Когда-то здесь швартовались каботажные парусные шхуны. С той поры остались на берегу врытые вверх жерлами старинные пушки — вместо причальных тумб. Лён в сумраке отыскал глазами ту, которая нужна. И стал ждать. Было пусто. По берегам бухты громоздились ярусы огней, в воде плескались их отражения, но здесь был кусочек иного мира. Пахло гнилыми сваями и просоленными старыми бочками.
Городские часы разнесли над водой и берегами двойной получасовой сигнал. Он был слышен во всем Льчевске. И сразу у пушки возникла закутанная сгорбленная фигура. Или пристанской сторож, или...
Лён, посвистывая, пошел мимо этой фигуры — от лестницы к настилу пристани.
И человек негромко окликнул его:
— Сублейтенант Бельский?
Лён замер. Спросил не оглянувшись:
— Разве я уже сублейтенант?
— Да, если вы Бельский Леонтий Альберт...
— По-моему, я еще не сделал того, за что обещано звание.
— Уверен, что теперь уже ничто не помешает вам сделать это. Вы почти у цели. Прошу следовать за мной.
Закутанный человек нарочито сутулился, но голос был молодым. Лён послушно двинулся за проводником. Прогнившие доски настила хлопнули по воде. Проводник выпрямился, откинул капюшон. Лица все равно не было видно, однако блик от дальнего фонаря блеснул на лаковом козырьке и золотом шнуре фуражки. Офицер.
— Виноват... Честь имею представиться: имперского флота лейтенант гвардейского экипажа Кронин.
Лён в ответ сдвинул сбитые каблуки и наклонил голову.
У причала подрагивала на мелкой зыби почти неразличимая надувная лодка.
— Прошу садиться...
— Благодарю, лейтенант... — Раз оба офицеры, можно не добавлять “господин”.
Лодка закачалась. Лён взмахнул руками, быстро сел. Спросил, чтобы загладить неуклюжесть:
— Долго будем идти? — Он помнил, что моряки не говорят “плыть”.
— Сорок минут, сублейтенант.
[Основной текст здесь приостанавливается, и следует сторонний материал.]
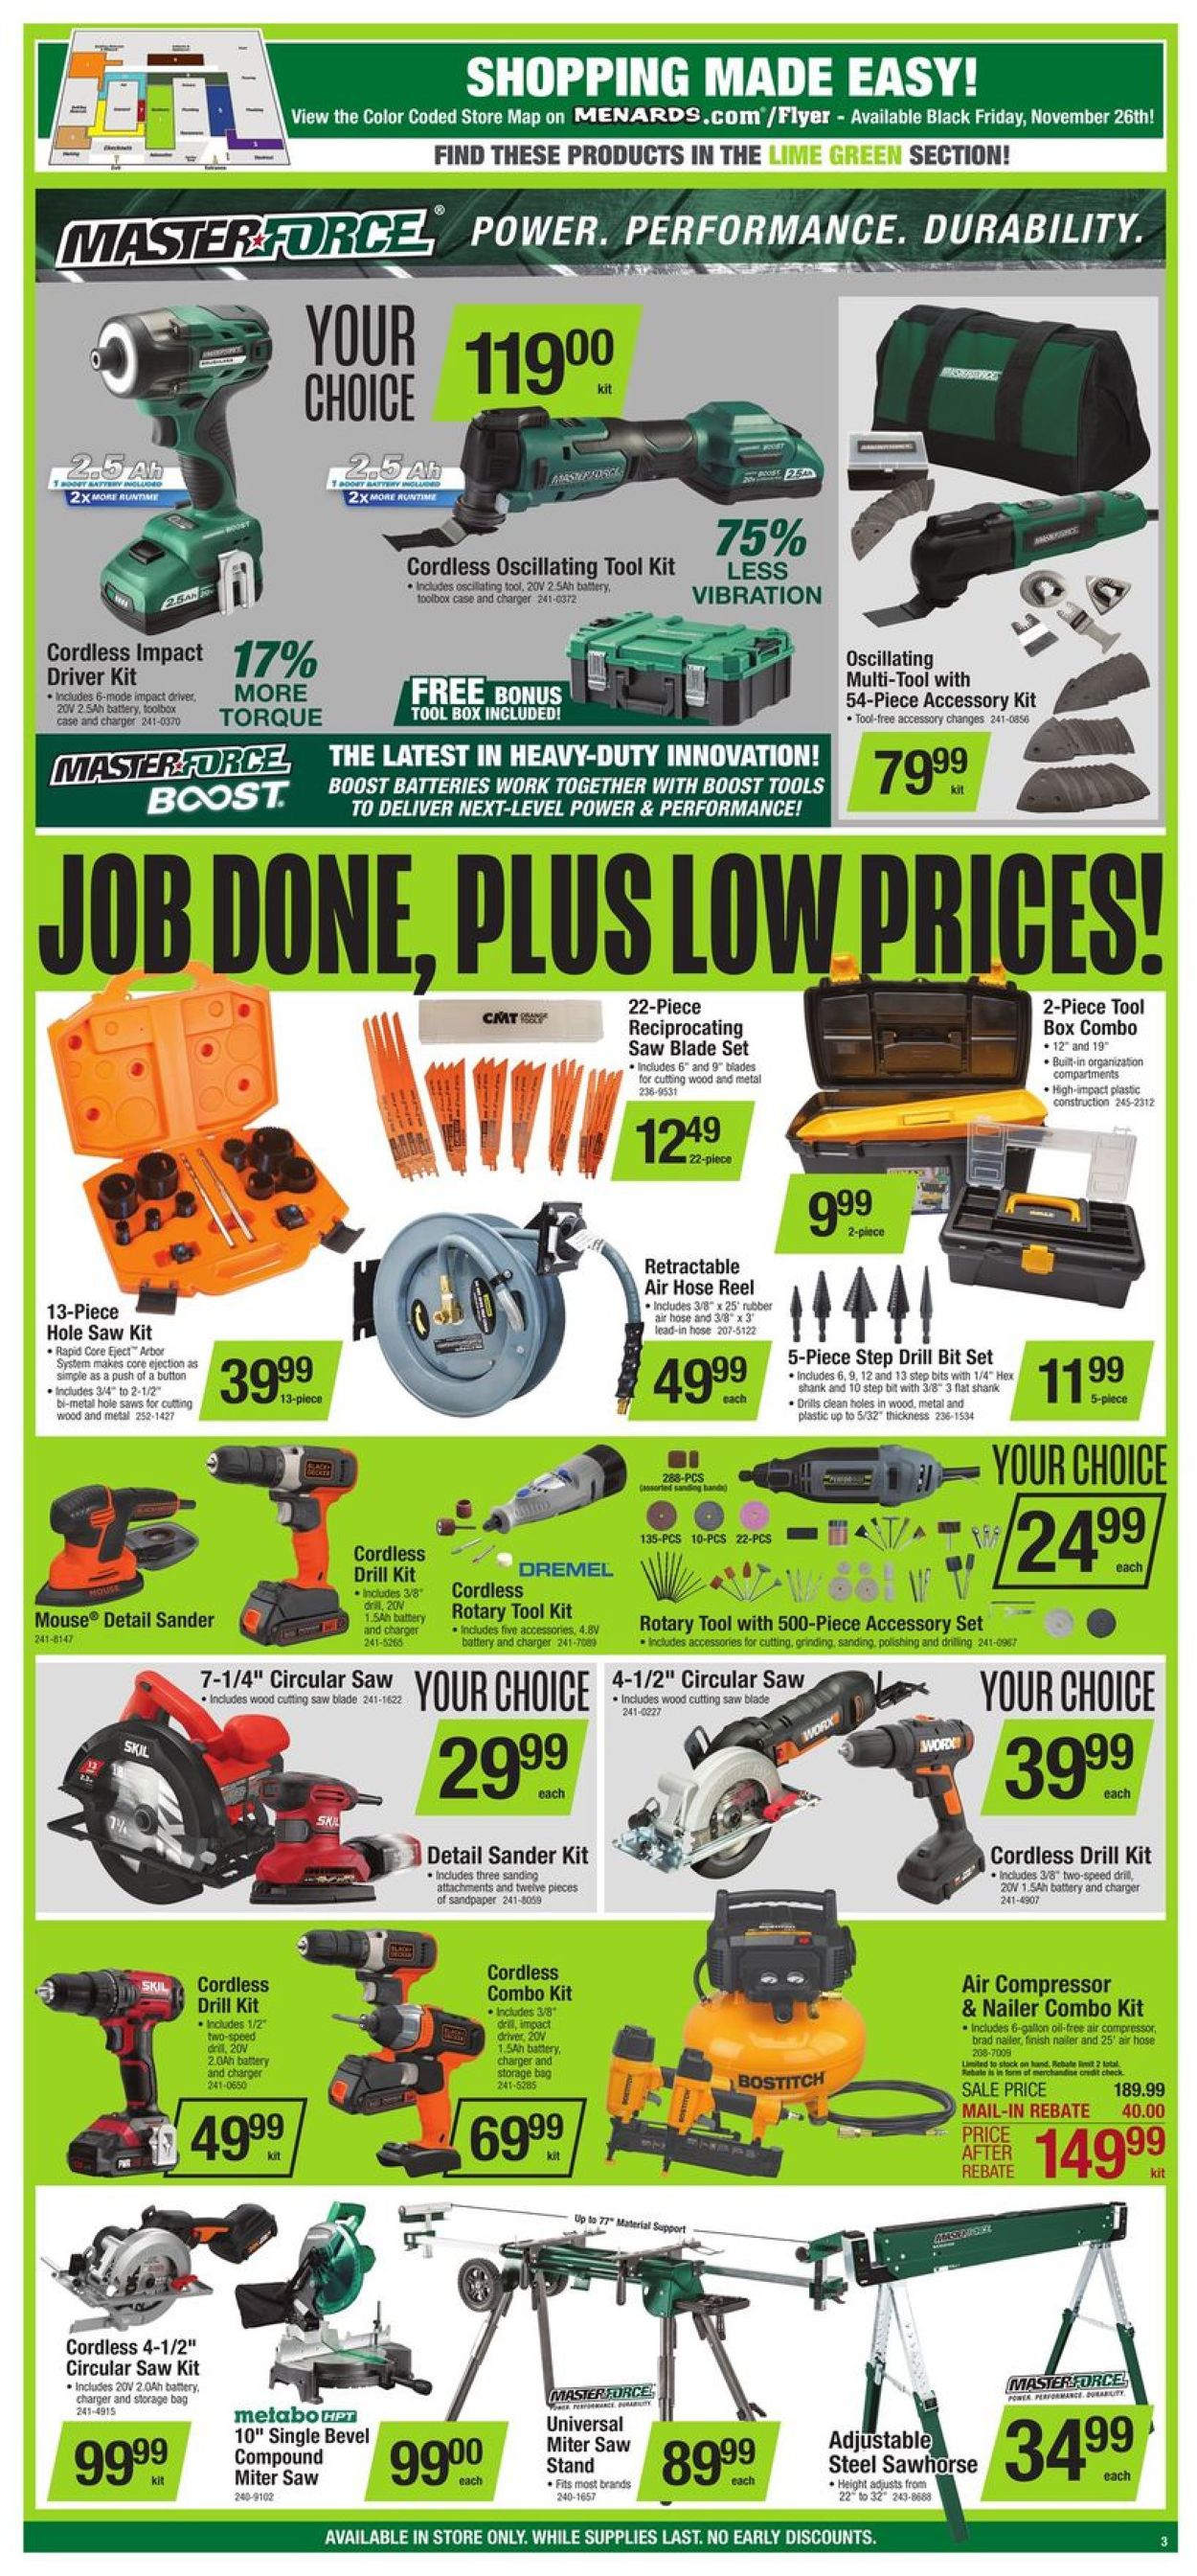 Menards BLACK FRIDAY 2021 Current weekly ad 11/26 12/05/2021 [4

Возьмите плащ, на воде прохладно.
— Благодарю.
Что ни говорите, а приятная вещь — офицерский этикет. “Честь имею представиться... Прошу следовать...” Да, офицеры — соль земли, аристократы духа. Это всегда внушали юным гвардейцам школьные наставники. И были, конечно, правы. Жаль, что в этом благородном обществе Лёну оставалось быть недолго.
Или уже не жаль?
Жалей, не жалей — выхода нет.
Если не станут задерживать, уйдет сразу, как передаст запись. Если сразу не получится — тогда при первой возможности. Возвращаться в школу нет смысла. Рапорт он отправит по почте.
“Настоящим доношу, что...” Нет, не так, надо по-офицерски: “Честь имею доложить, господин генерал, что больше не считаю возможным находиться в составе вверенной Вам гвардейской школы. Вынужден отказаться от звания сублейтенанта и чести носить обещанный Вами кортик. Смею обратиться с единственной просьбой: сообщите воспитанникам школы, что мое исключение было лишь инсценировкой, вызванной условиями особого задания... Честь имею, господин генерал...”
“А имеешь ли ты честь? Ты отпустил врага, который оказался у тебя на дороге...”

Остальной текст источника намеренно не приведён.